RationalizationWhy It Is Wrong
"Using CSS class selectors is faster than adding data-testid attributes"No CSS class selectors in page objects. .btn-primary breaks when the design system updates class names. Use data-testid, ARIA roles, and accessible labels.
"Adding a short waitForTimeout is easier than figuring out the right wait condition"No arbitrary waits is a hard gate. waitForTimeout is a flakiness timebomb. Wait for specific conditions: network responses, DOM mutations, or URL changes.
"This test creates data through the UI because the API setup is complex"Test data must be created via API or fixtures, not through UI interactions. UI-based setup is slow, brittle, and conflates setup failures with assertion failures.
"The test only fails sometimes in CI -- adding a retry will fix it"Flaky tests block merge. Diagnose the root cause. Retries mask problems. After remediation, rerun 5 times to confirm stability.

Gates

  • No CSS class selectors in page objects. If a locator uses
    .btn-primary
    or
    [class*="header"]
    , the test is brittle. Use
    data-testid
    , ARIA roles, or accessible labels. Rewrite before merging.

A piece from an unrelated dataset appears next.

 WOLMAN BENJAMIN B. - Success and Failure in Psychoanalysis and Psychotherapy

  • No arbitrary waits. If any test contains
    waitForTimeout
    ,
    cy.wait(number)
    , or
    Thread.sleep
    , it is not ready. Replace with explicit condition waits.

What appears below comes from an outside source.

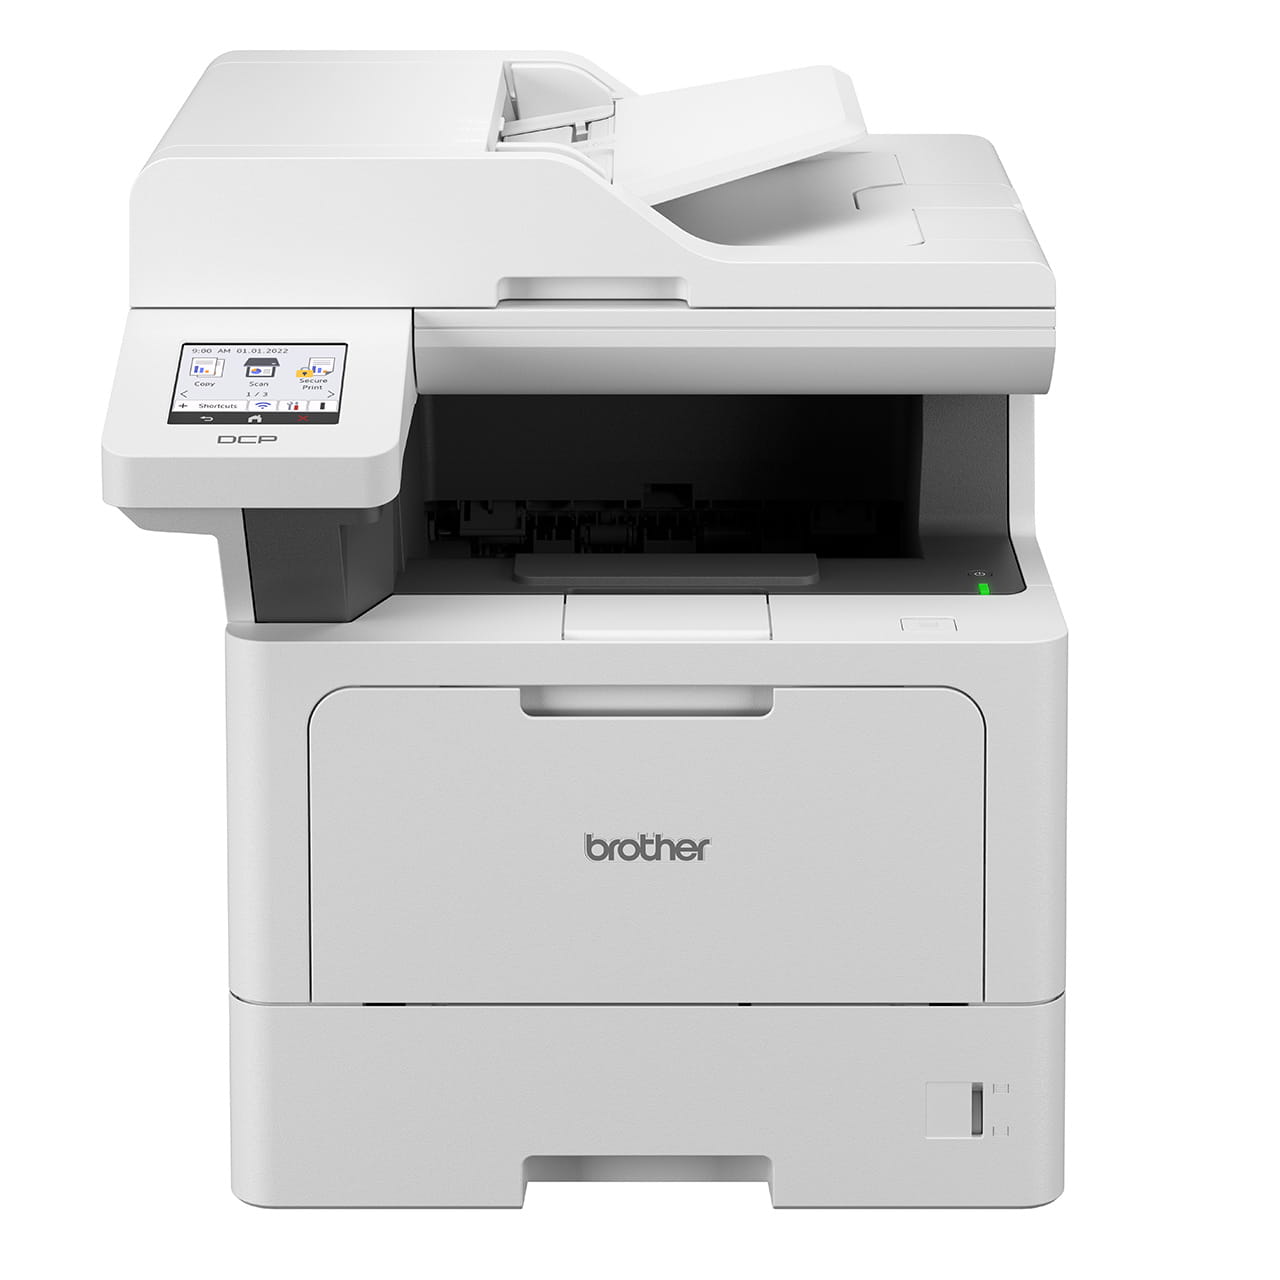 Brother DCP-L5510DW Mono Laser Printer Front View

  • No shared mutable state. If test B depends on data created by test A, both tests are broken. Each test must create its own data. Fix before proceeding.

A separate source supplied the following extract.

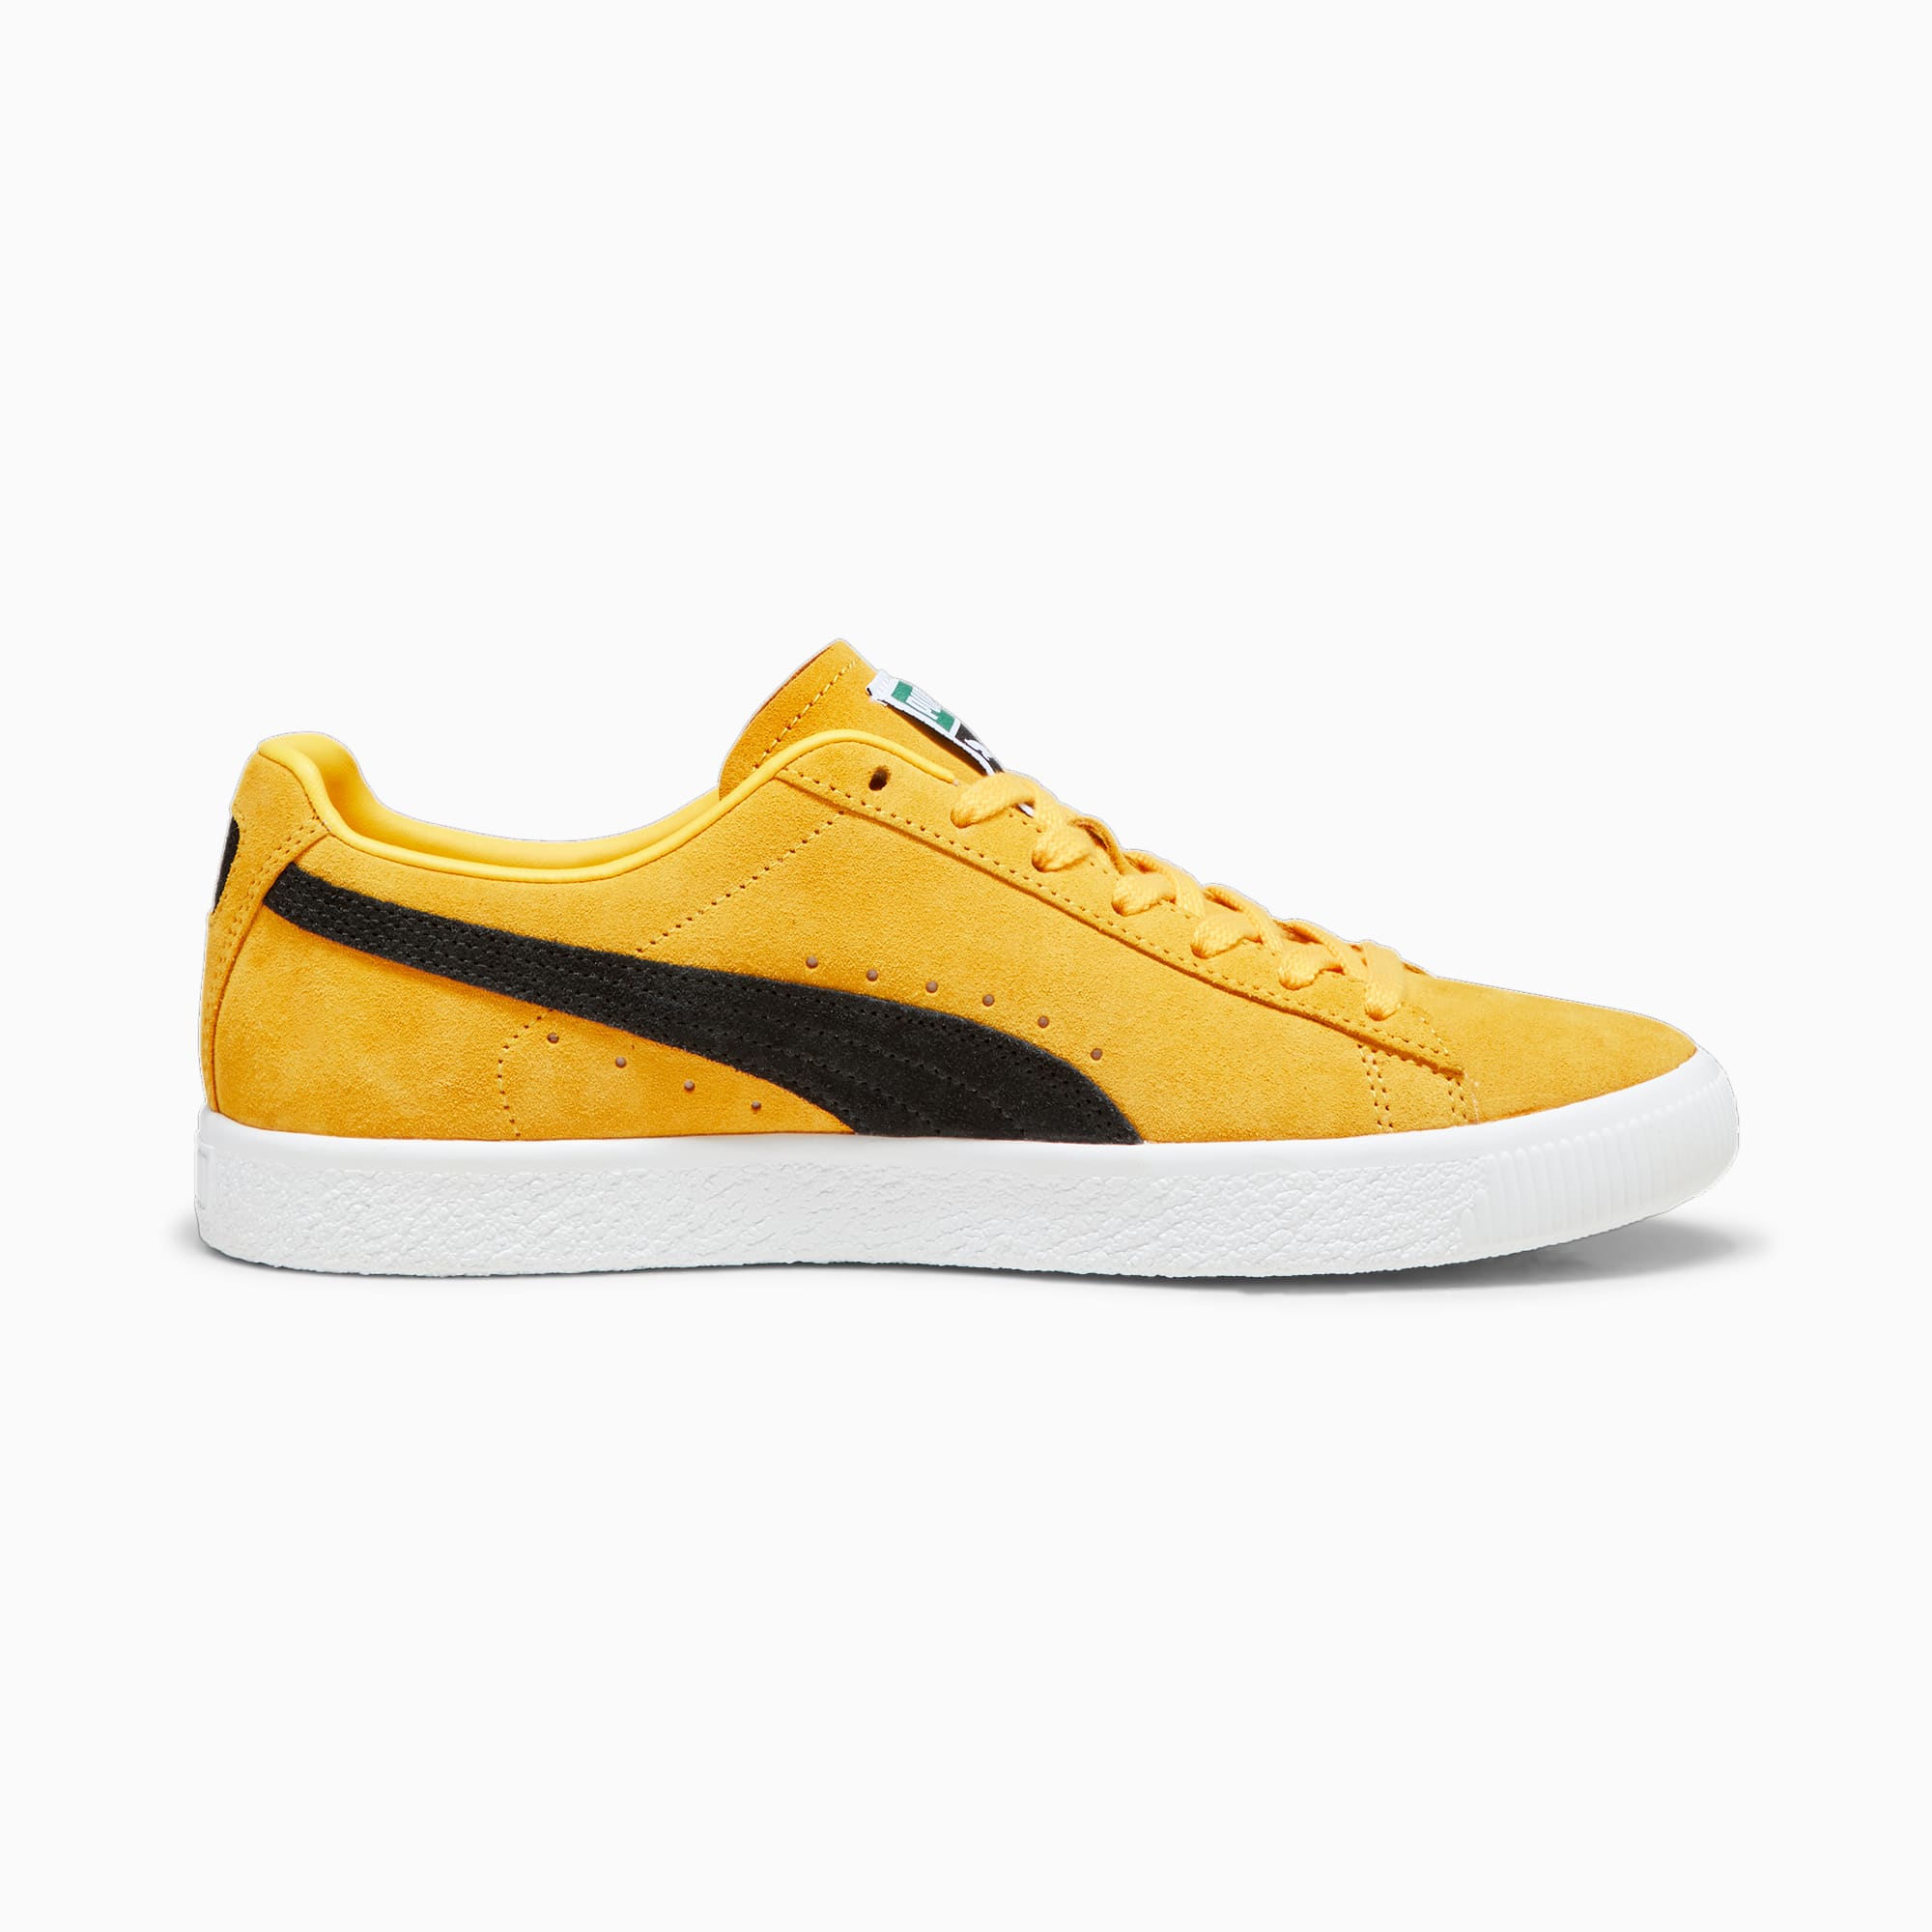 Women's PUMA Clyde OG Sneakers, Yellow Sizzle/Black, Size 35,5, Shoes

  • Flaky tests block merge. Any test that fails intermittently on 3 consecutive runs must be remediated or quarantined with a tracking issue before the suite is considered complete.

Escalation

  • When the application requires a complex auth flow (OAuth, SSO, MFA): Do not automate the full OAuth redirect in the browser. Use API-based authentication to obtain tokens, then inject them as cookies or headers. If API auth is not available, escalate to the team to expose a test-only auth bypass.
  • When tests require infrastructure not available locally (third-party APIs, payment processors): Mock the external dependency at the network layer using Playwright route interception or Cypress intercept. If the mock is insufficient for confidence, escalate for a staging environment with sandbox credentials.
  • When flakiness persists after 3 remediation attempts on the same test: The test may be exposing a real race condition in the application. Escalate the finding as a potential production bug rather than continuing to patch the test.
  • When the E2E suite exceeds 10 minutes on CI: Triage tests into smoke (must run on every commit) and full (runs on PR merge or nightly). Do not simply accept slow pipelines.